# Best product for bringing out the luster on my Merlin



## zx9rmal (Jan 6, 2012)

Years ago I was told to use Pledge. Actually did a nice job. Any other recommendations? Thanks.


----------



## Doolab (Feb 13, 2008)

Try silicon grease sprayed on a rag and wipe down your Ti frame. (Think of it as metal-friendly Armor All) :idea:
I like the results on my Ti bike. :thumbsup:


----------



## foggypeake (Sep 11, 2005)

I have a polished Litespeed and I've used Windex to clean it and then Pledge to make it shine. Finish Line has a bike wash that works well also.


----------



## cdalemike (Dec 27, 2010)

I have always used Pledge (as you noted). Never tried anything else...


----------



## zx9rmal (Jan 6, 2012)

Thanks.


----------



## kscycler (Aug 12, 2009)

zx9rmal said:


> Years ago I was told to use Pledge. Actually did a nice job. Any other recommendations? Thanks.

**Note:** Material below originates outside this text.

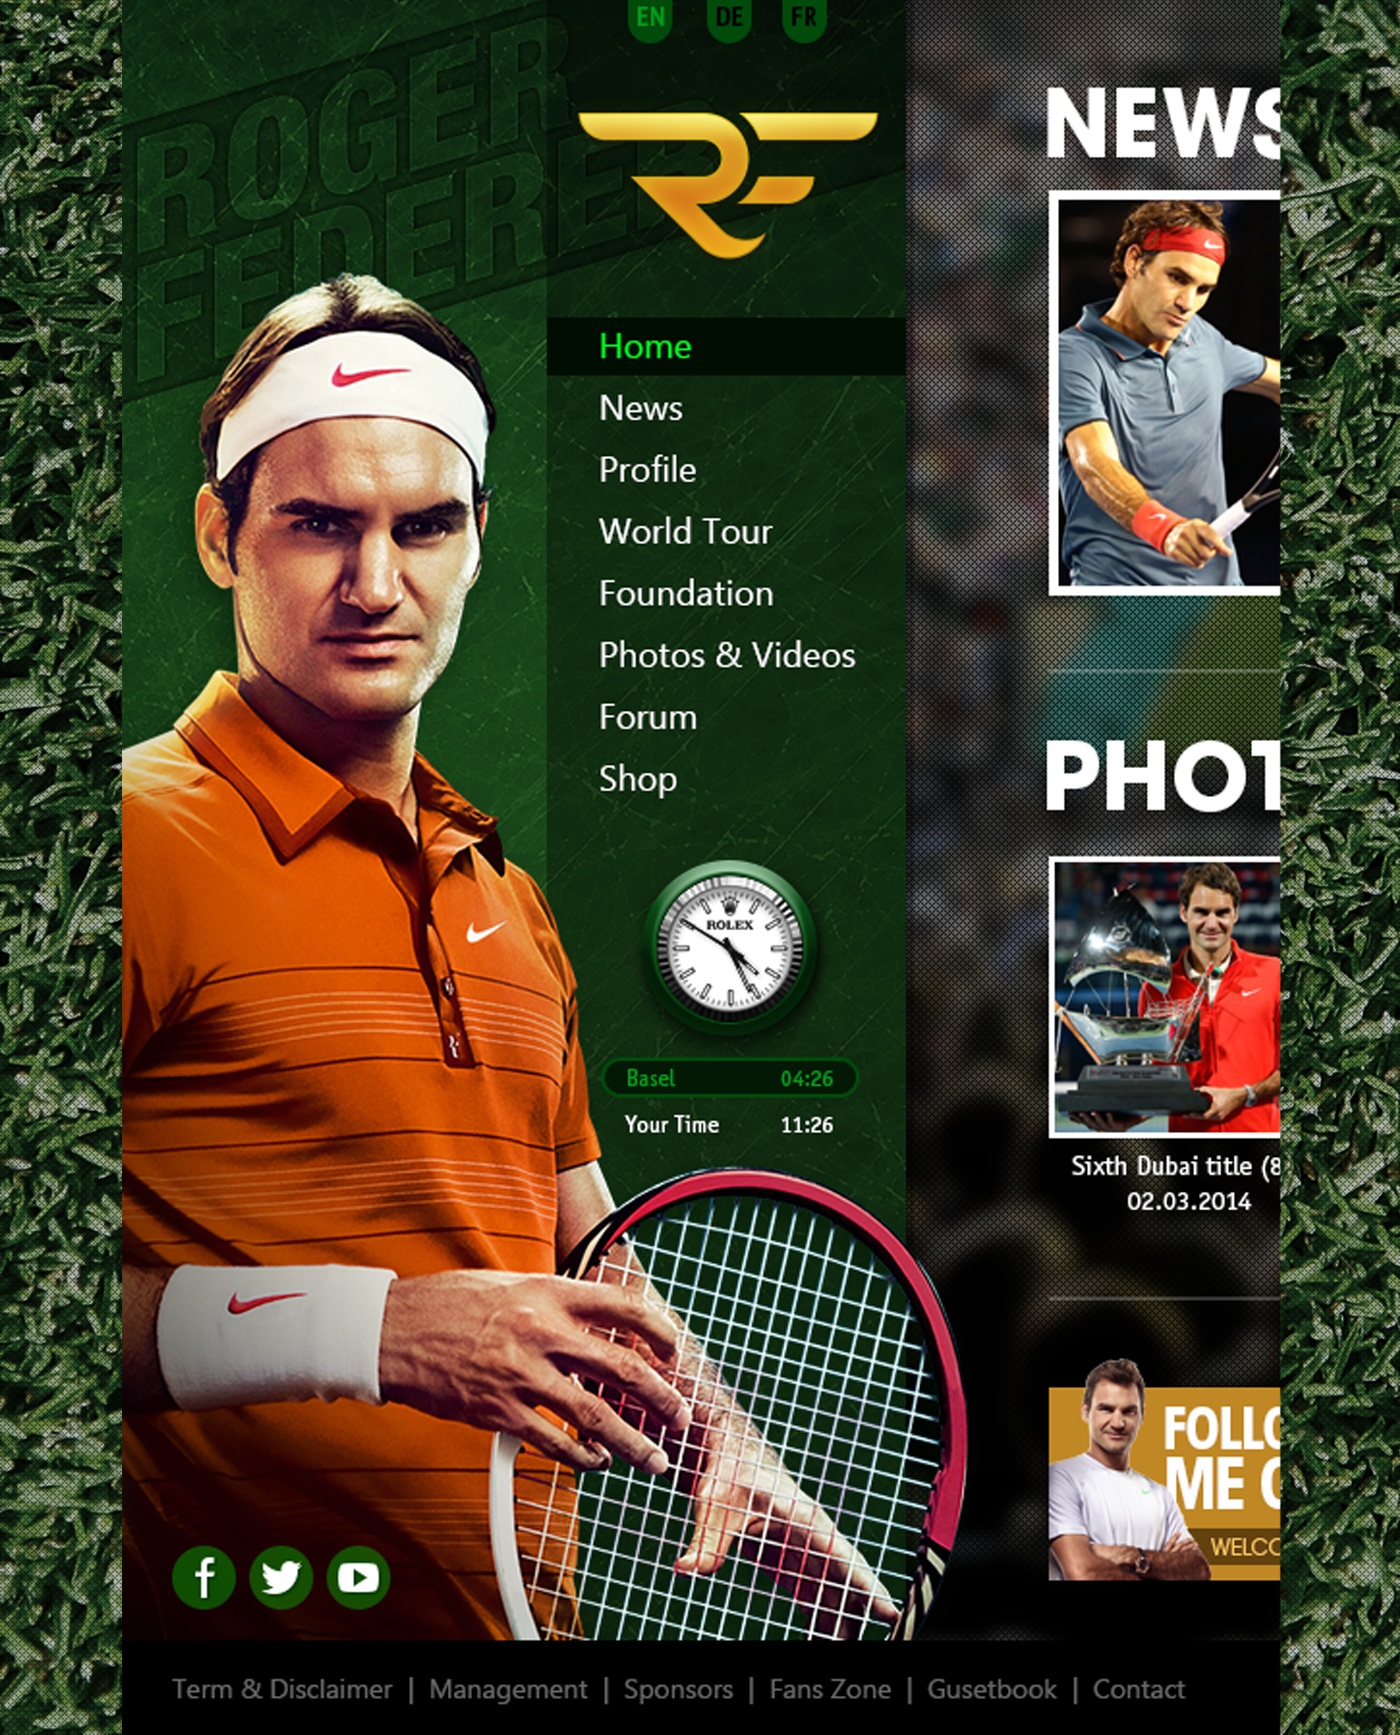 roger federer redesign UI ux Website tennis sport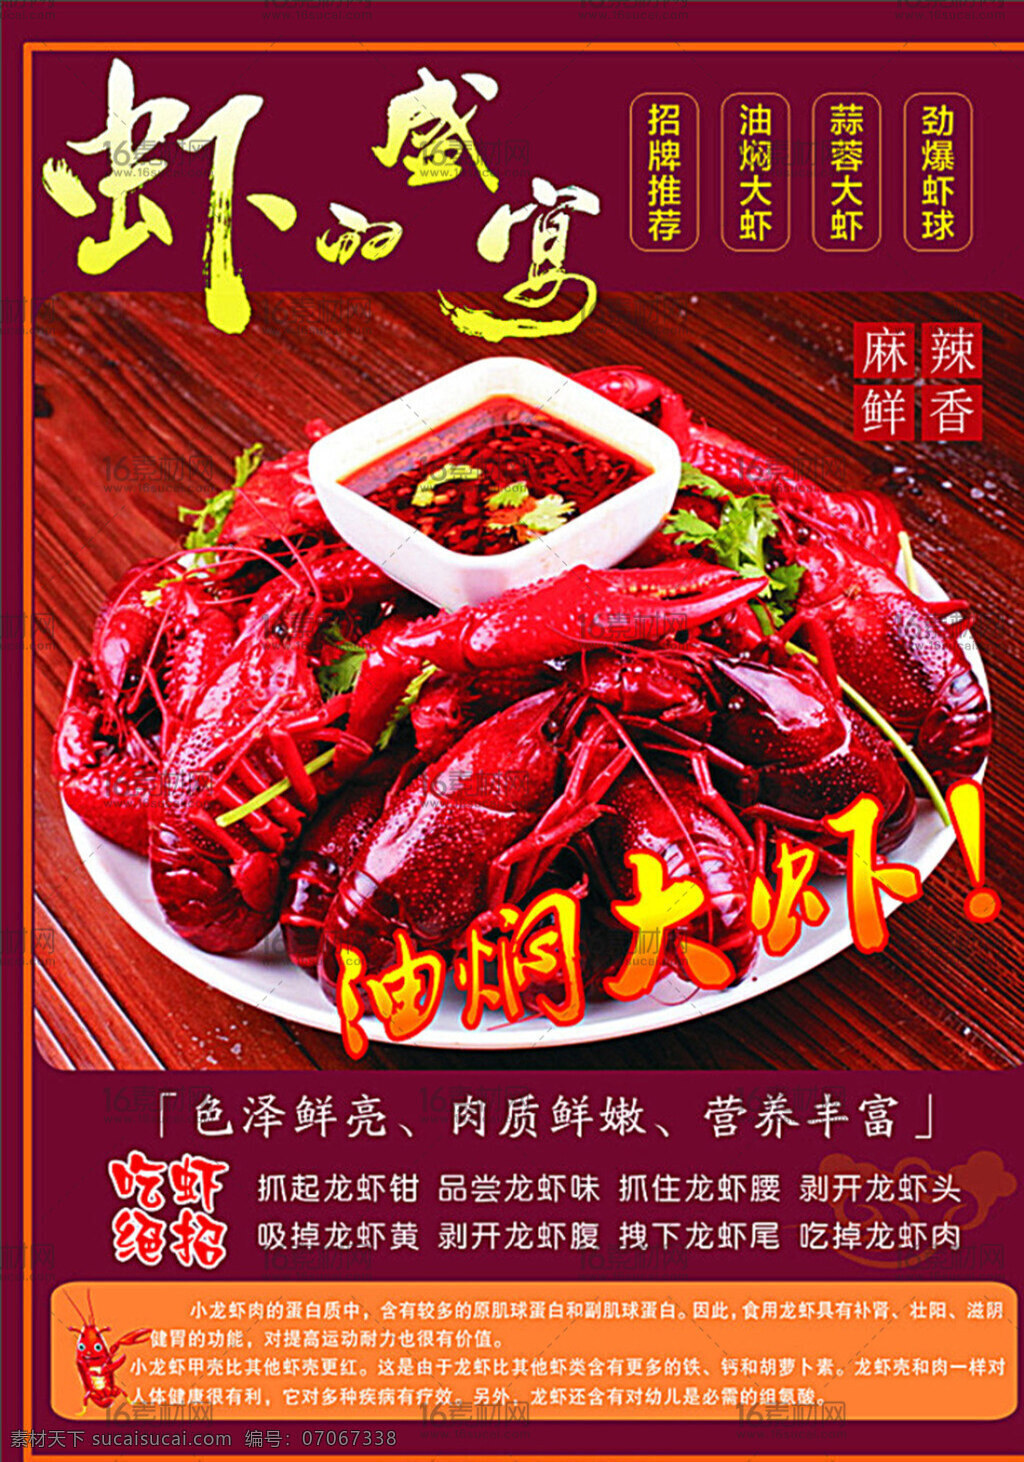 美食海报 美食广告 美食宣传 龙虾 虾的盛宴 麻辣 鲜香 油焖大虾 红色

Merlin recommended to me (the first time I rebuilt it) to use the carpet side of velcro to polish the frame (not the hook side). I took a 1" strip of velcro about 12" long and polished the tubes to like-new condition. Got out the cable rubs and made it like new. Watch around the decals, unless you have a new set to replace them with. I do this every 3 or so years and it makes the Merlin look like new.


----------



## socrates (Sep 1, 2006)

Glass cleaner does an excellent job.


----------